As detailed in court filings and during the hearing, after Cheeley left Butler Wooten, the firm claimed that—under his partnership agreement—it was entitled to 75 percent of the fees accruing from the cases. By December 2016, Cheeley had asked the chief judge of the Superior Court of Muscogee County—Columbus is home to one of Butler Wooten's key offices—to implement confidential arbitration proceedings over the fees in the cases.
On Aug. 14, shortly after the arbitration award was entered in Butler Wooten's favor, Cheeley filed to have it vacated in Fulton County Superior Court. On Aug. 15, Butler Wooten filed to have the award confirmed in Muscogee County Superior Court, where Chief Judge Bemon McBride III had authorized the arbitration.
At Thursday's hearing, Butler Wooten argued that the case should be transferred back to Muscogee County, where venue was already established.
Schwall also heard from a lawyer for Richards, the plaintiff in the Bryan County case, who filed a motion to intervene on behalf of Cheeley.
Attorney C. David Joyner said his client believed Butler Wooten was deserving of fees, but she opposed the firm's claim to 75 percent of them.
The amount of the fees at issue is confidential, but Stone said Barnes had written to McBride that they were about $8.25 million. Stone said that figure was not accurate.
After the hearing, Butler Wooten founding partner Jim Butler Jr. said that figure was wildly inflated.

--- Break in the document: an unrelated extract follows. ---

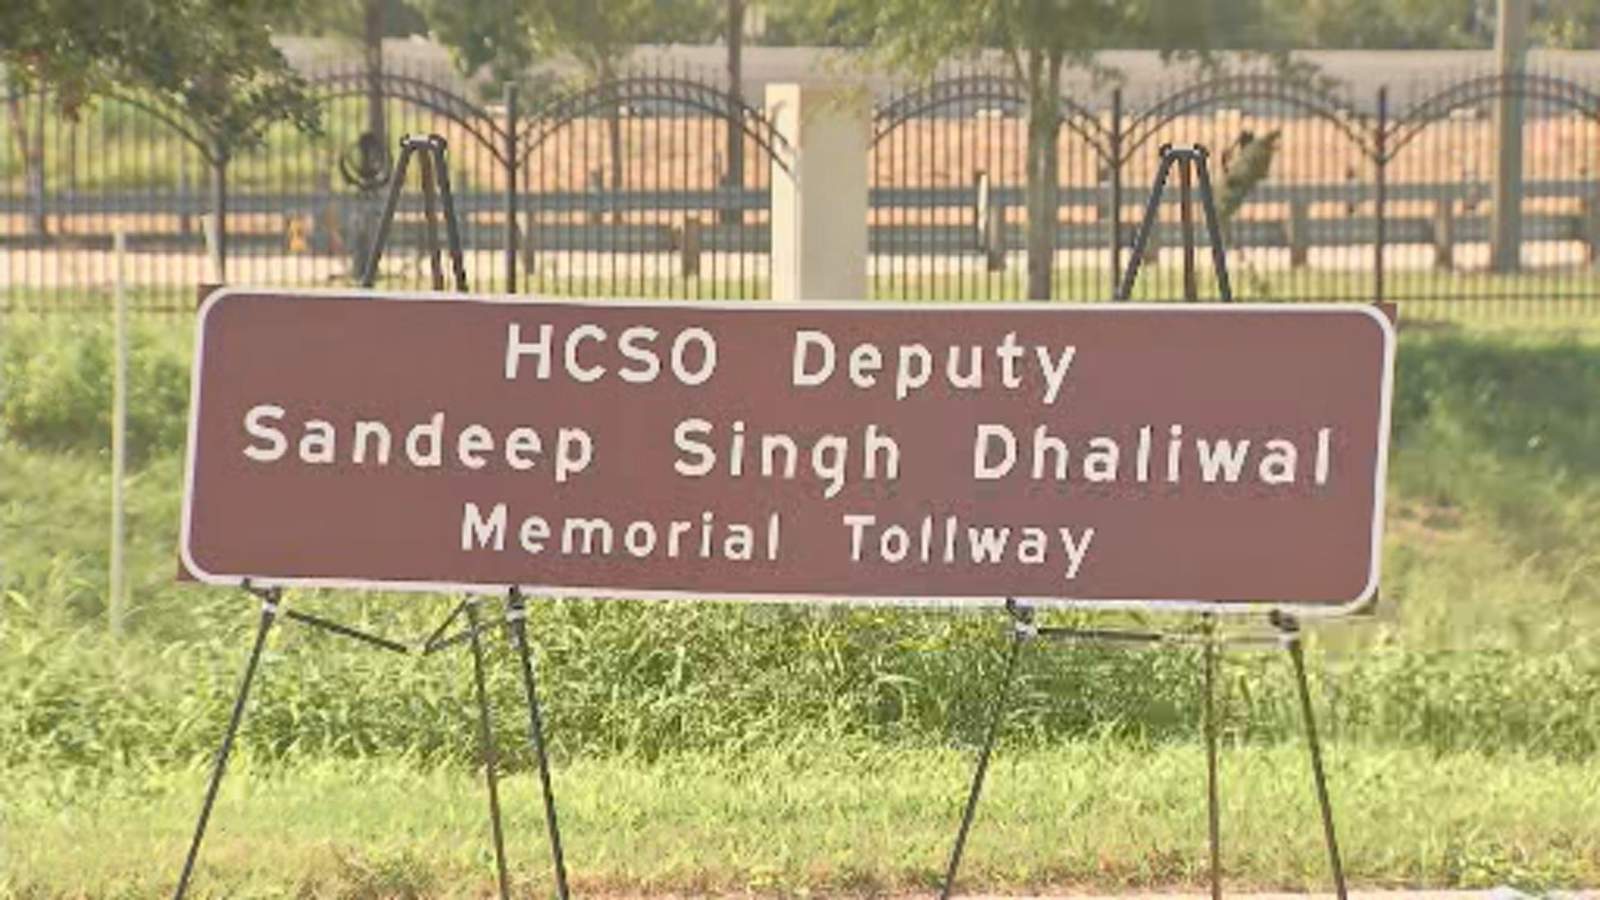 Portion of Beltway renamed in honor of Deputy Sandeep Dhaliwal
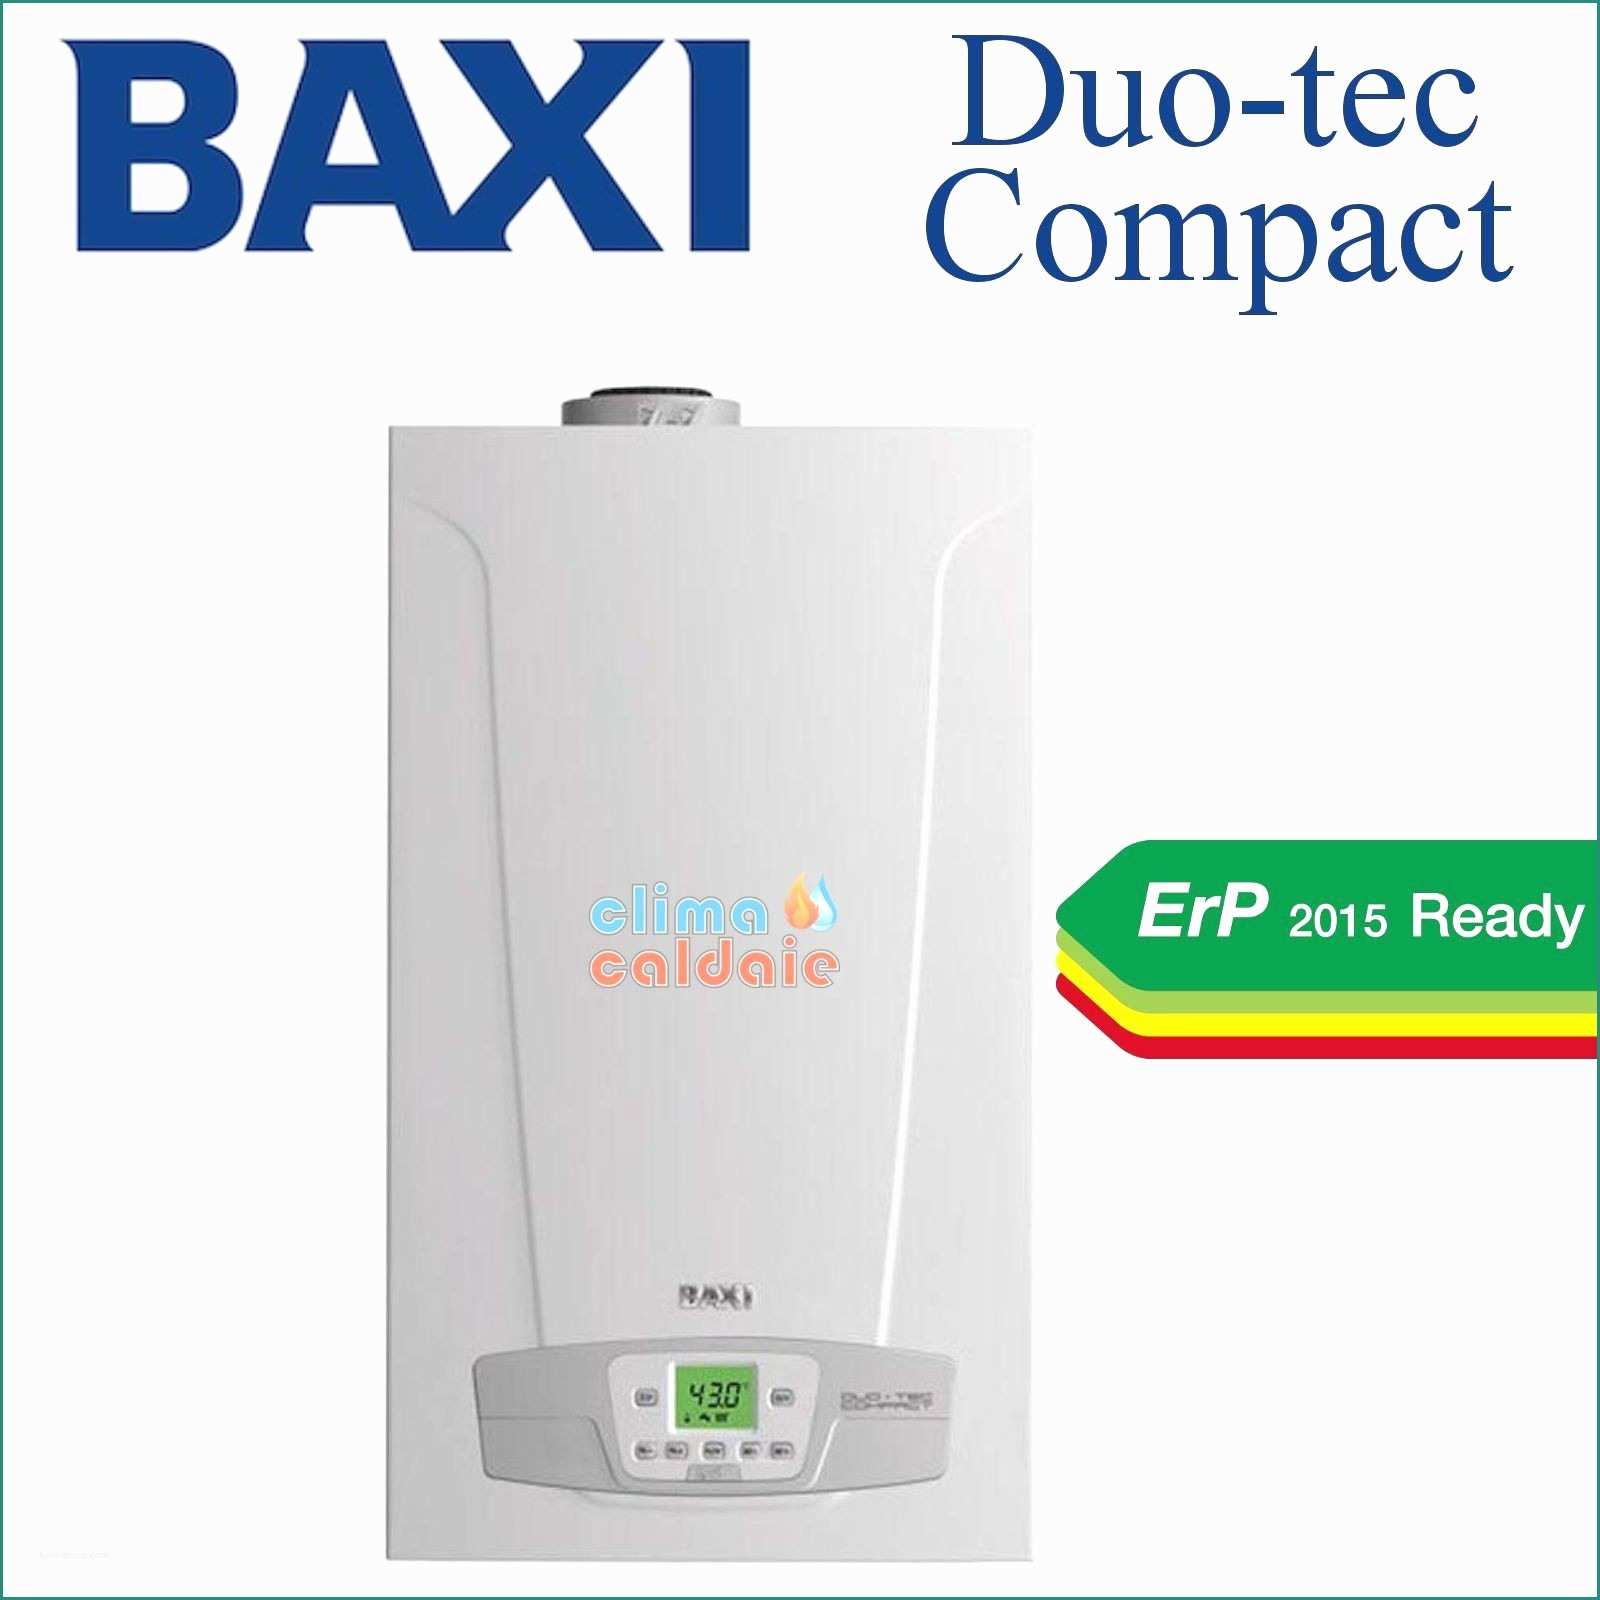 Baxi Eco Compact E Caldaia A Condensazione 24 Kw Baxi Duo Tec Pact Ht 28 Ga Kit Avec

“That's something Roy Barnes just made up as a threat to shut us down,” said Butler. “There's never been any dispute between these parties over that kind of money.”
Butler said he agreed with Schwall that the case made lawyers look bad, but otherwise declined to discuss it.
Barnes and Cheeley also declined to comment—and the former governor declined to say who had called him an “SOB.”